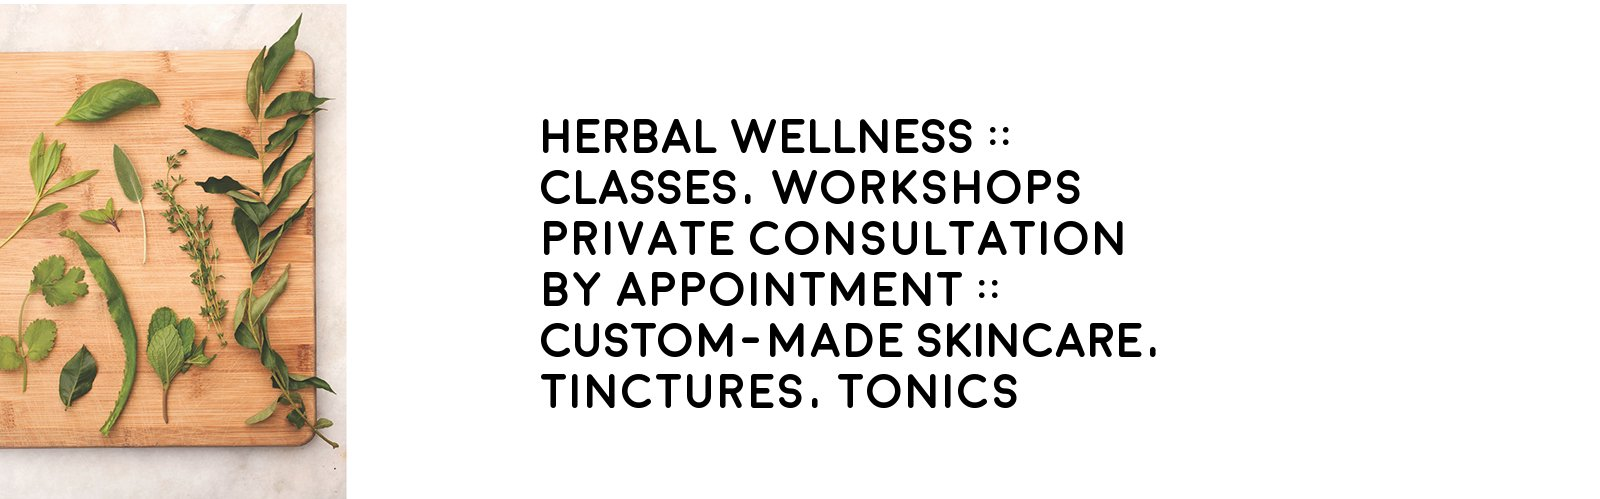 website B herbal wellness.jpg
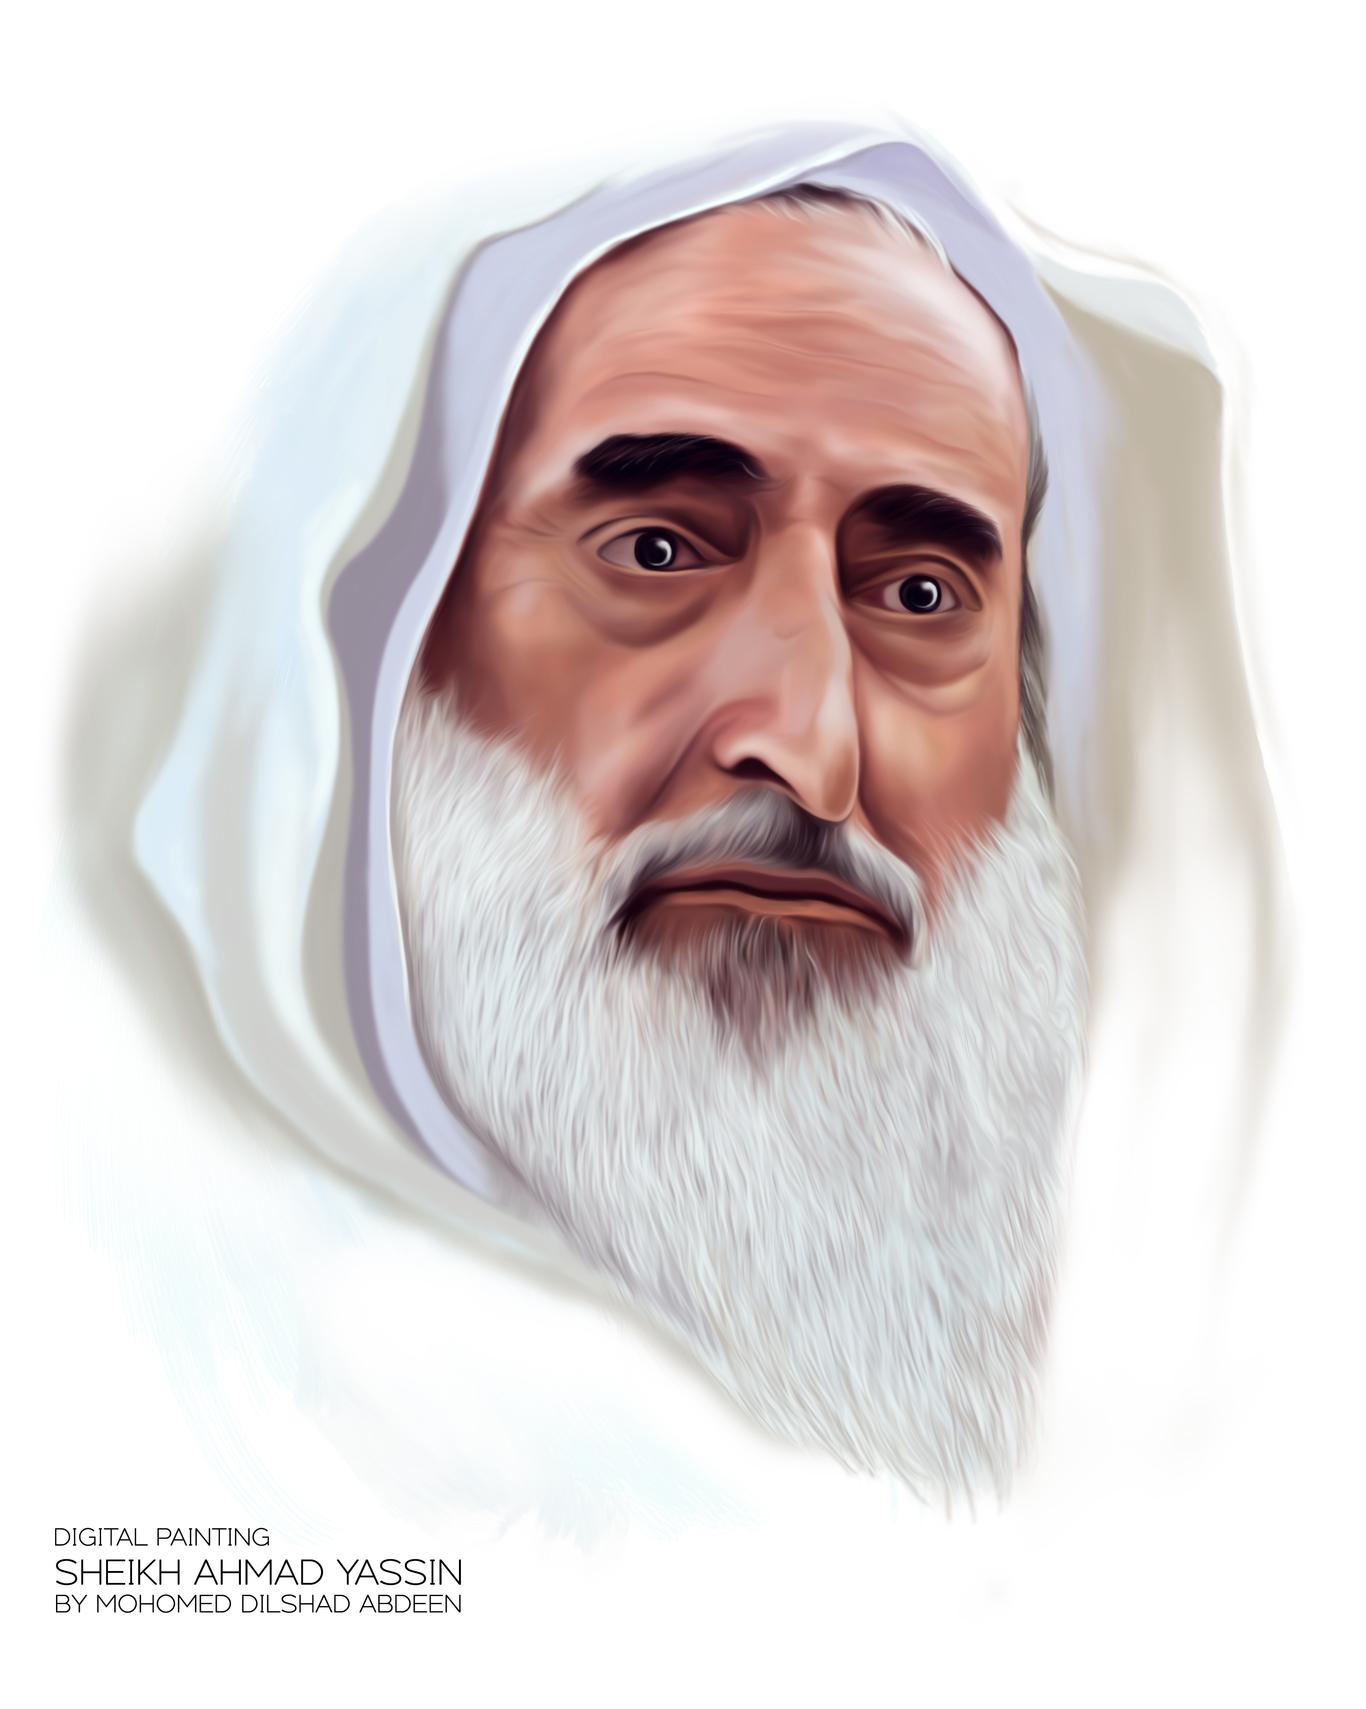 Dilshad 1263394 1 abe53d68 iryq
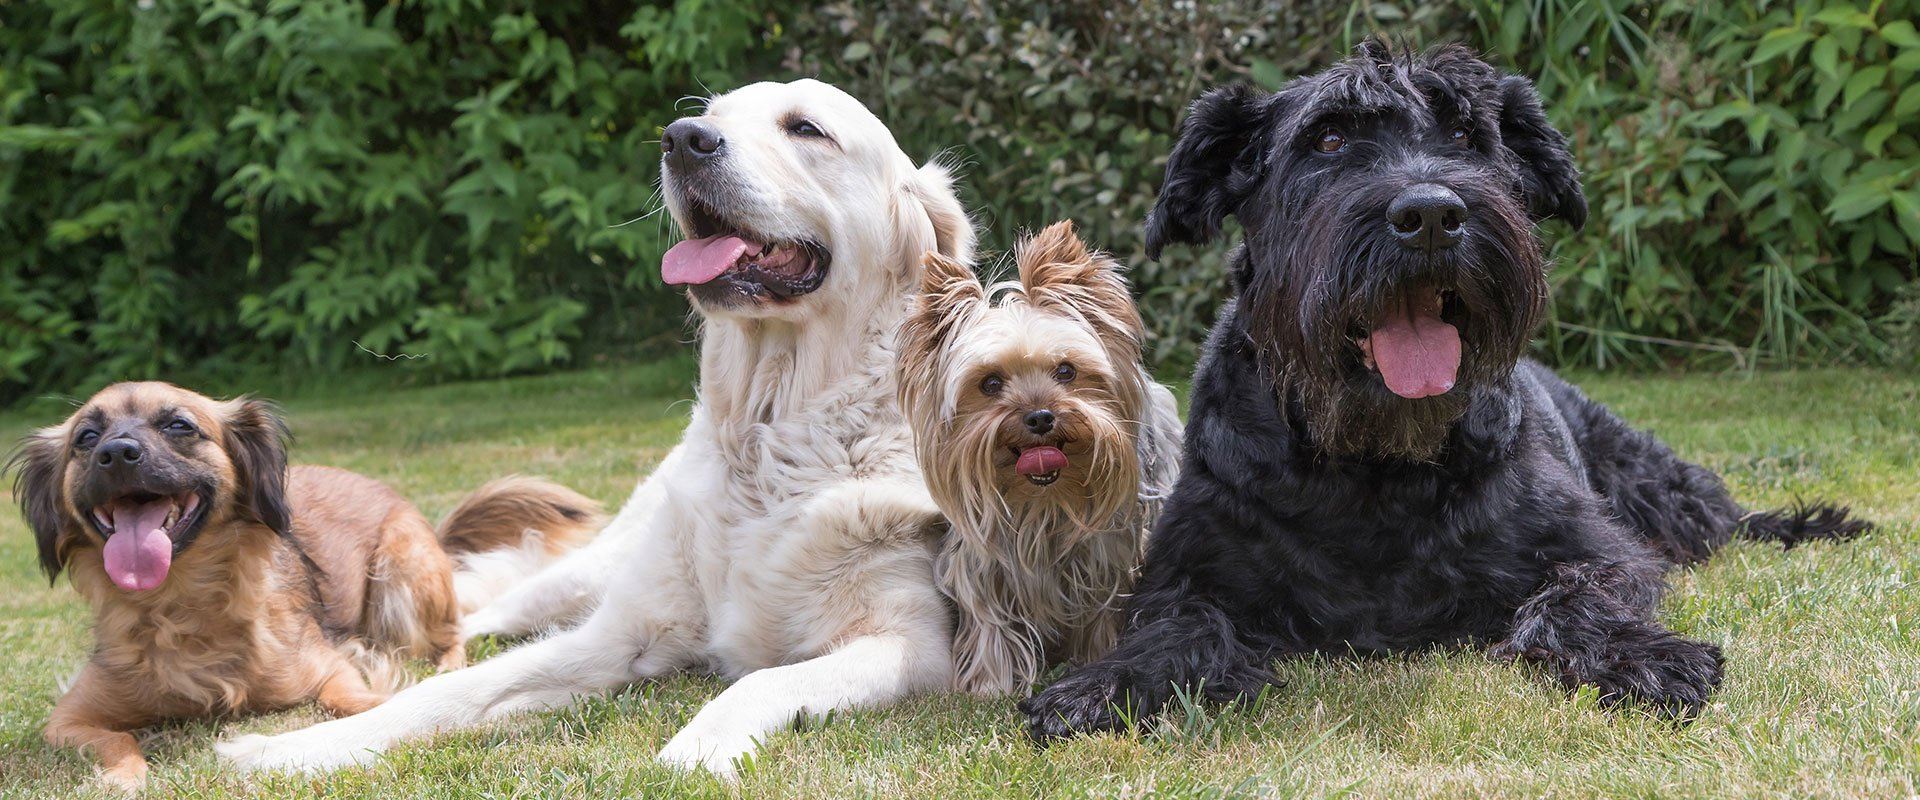 Pet Boarding Lewiston Dog Daycare Fur Family Cinema

+ + + + + + +

> [Exercise]: Exactly the lines from the line that contains "Dilshad 1263394 1 abe53d68 iryq" through the last line above, and no other lines, must be output, with pictures excluded.

> [Response to the exercise]:
 Dilshad 1263394 1 abe53d68 iryq
 Pet Boarding Lewiston Dog Daycare Fur Family Cinema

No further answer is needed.